When Pope Melchiades died in January, 314, St. Sylvester was chosen as his successor. He governed the Church for more than twenty-one years, ably organizing the discipline of the Roman Church, and taking part in the negotiations concerning Arianism and the Council of Nicaea. He also sent Legates to the first Ecumenical Council.

During his Pontificate were built the great churches founded at Rome by Constantine, the Basilica and baptistery of the Lateran, the Basilica of the Sessorian palace (Santa Croce), the Church of St. Peter in the Vatican, and several cemeterial churches over the graves of martyrs. There is no doubt Sylvester helped towards the construction of these churches. He was a friend of Emperor Constantine, convened the first General Council of Nicaea, and gave the Church direction in the new era of peace. He might be called the first "peace Pope" after centuries of bloody persecution. On the Via Salaria Sylvester built a cemeterial church over the Catacomb of St. Priscilla, and it was in this church that he was buried following his death on December 31, 335.

Numerous legends dramatize his life and work, e.g., how he freed Constantine from leprosy by baptism; how he killed a ferocious dragon that was contaminating the air with his poisonous breath. Such legends were meant to portray the effects of baptism and Christianity's triumph over idolatry. For some time the feast of St. Sylvester was a holy day of obligation. The Divine Office notes: He called the weekdays feria, because for the Christian every day is a "free day" [the term is still in use; thus Monday is feria secunda].
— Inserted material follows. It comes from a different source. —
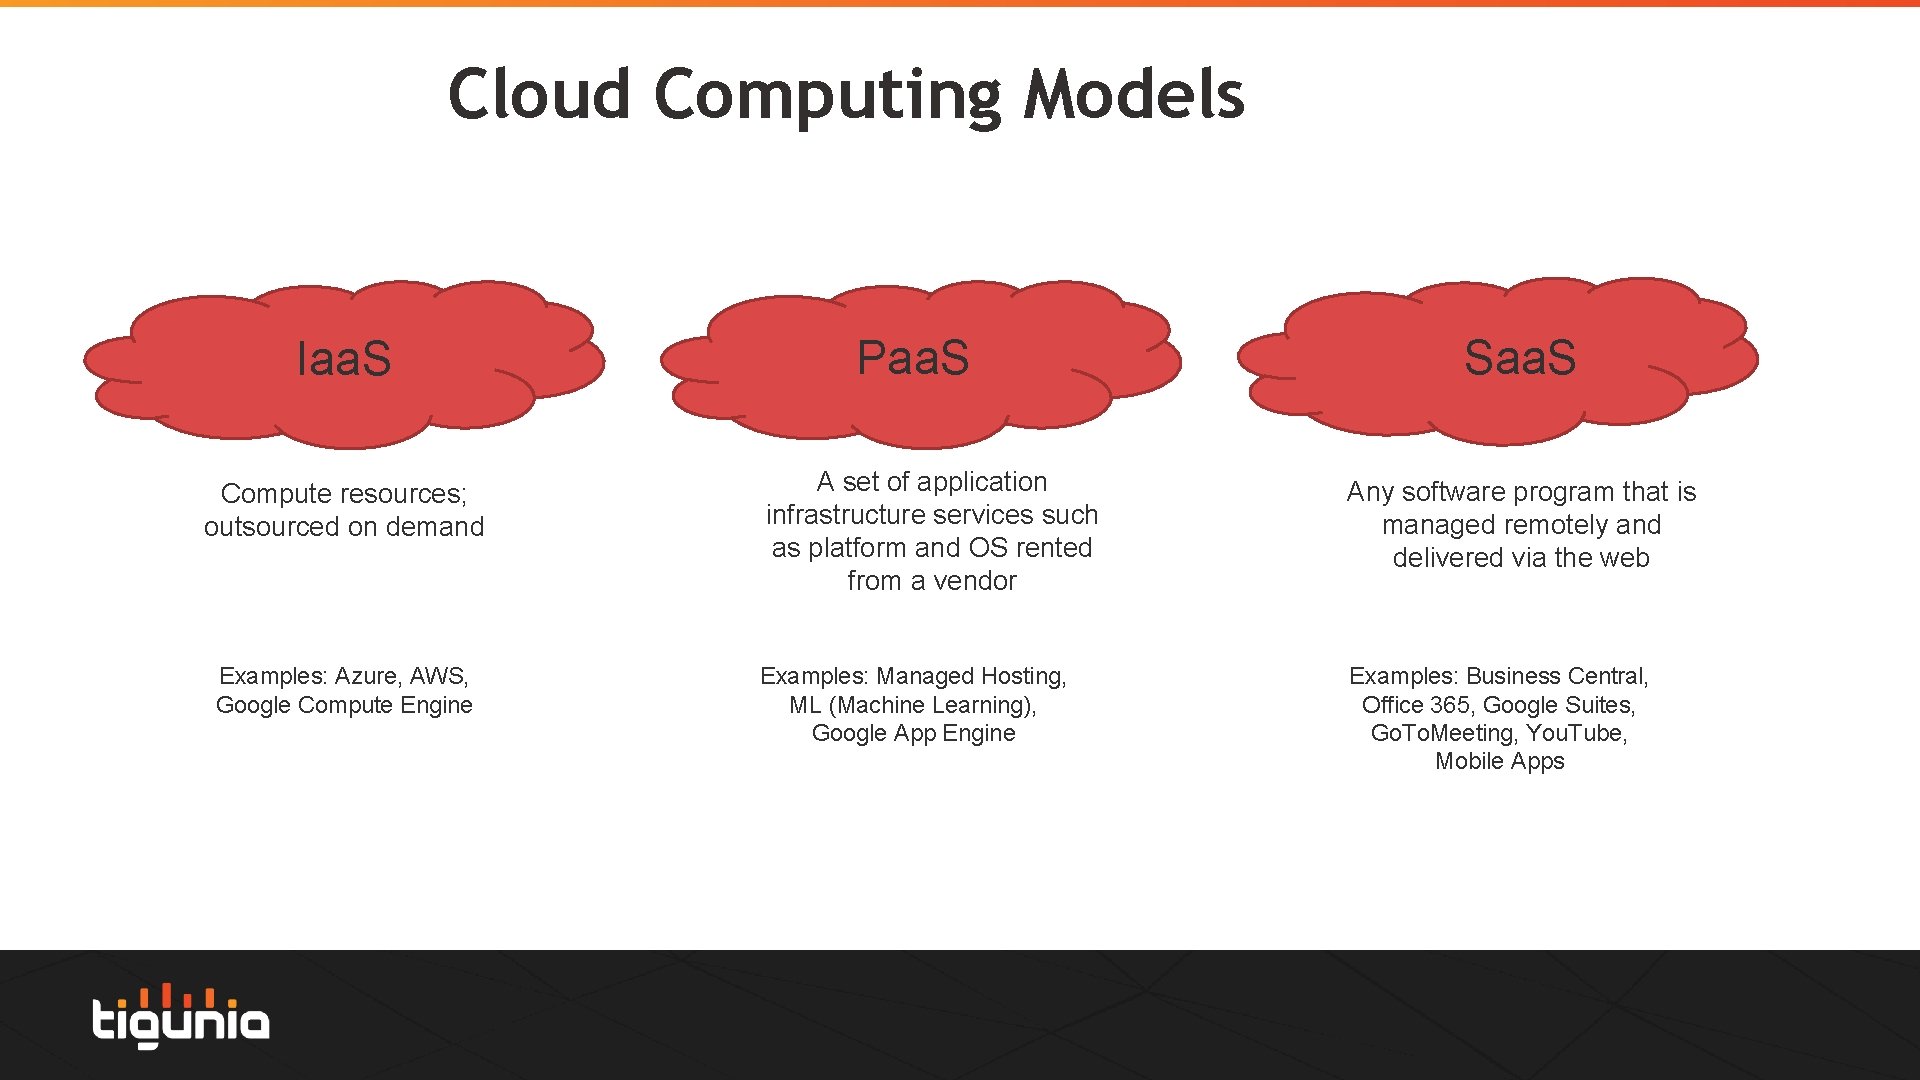 Cloud Computing Models Iaa. S Compute resources; outsourced on demand Examples: Azure, AWS, Google
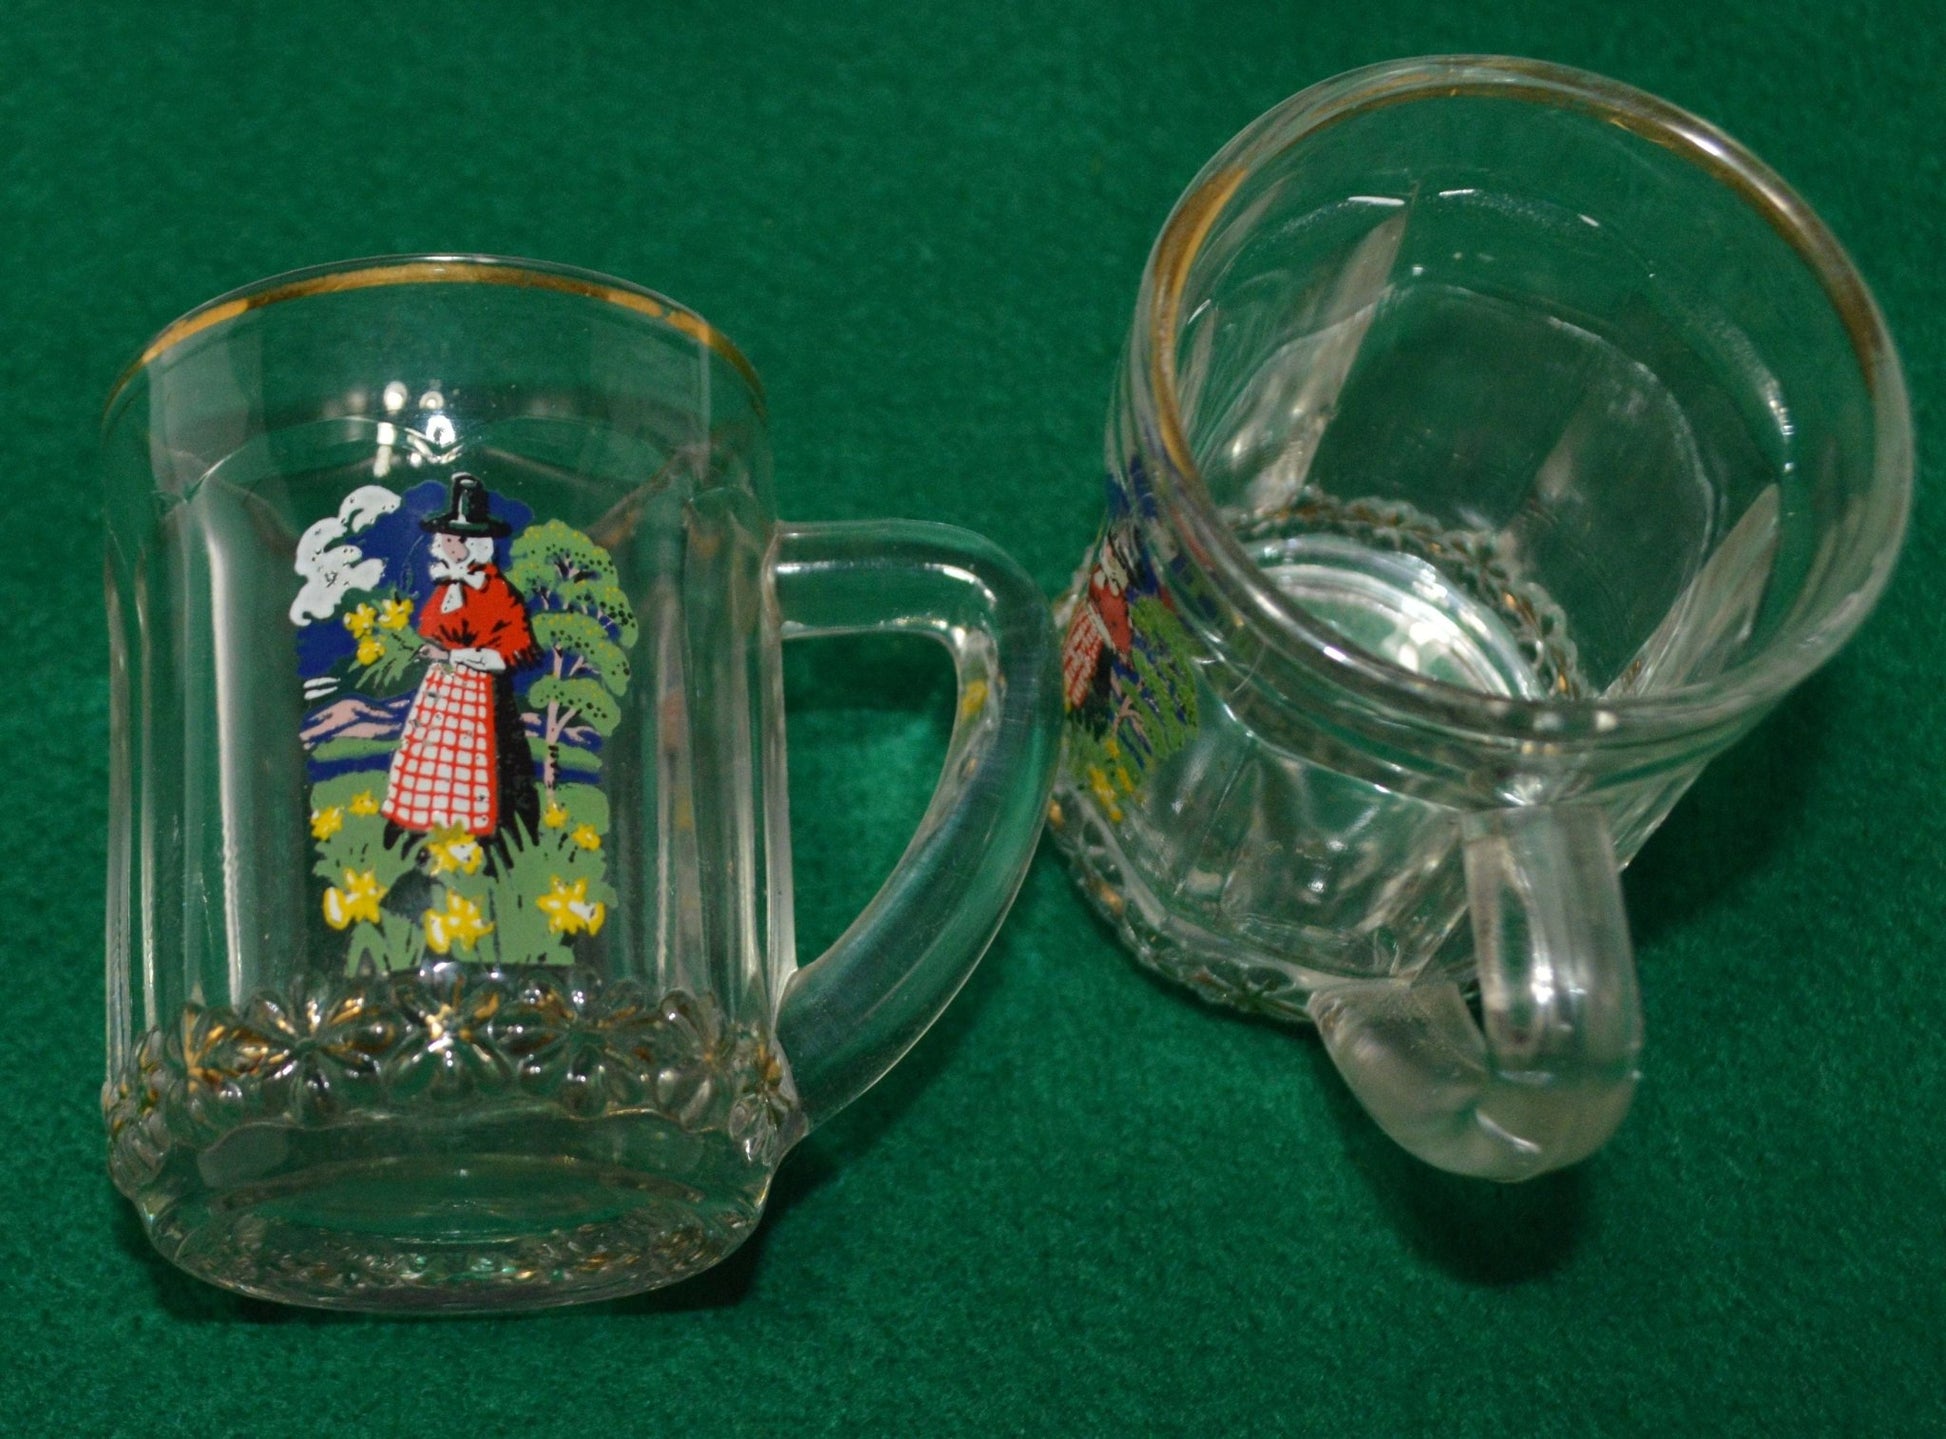 TWO MINIATURE GLASS TANKARDS DEPICTING THE TRADITIONAL COSTUME OF A WELSH LADY(PREVIOUSLY OWNED) GOOD CONDITION - TMD167207

Adapted excerpt compiled from Heavenly Friends, Rosalie Marie Levy and The Church's Year of Grace, Pius Parsch.

Collect Prayer

Come, O Lord, to the help of your people, sustained by the intercession of Pope Saint Sylvester, so that, running the course of this present life under your guidance we may happily attain life without end. Through our Lord Jesus Christ, your Son, who lives and reigns with you in the unity of the Holy Spirit, one God, for ever and ever.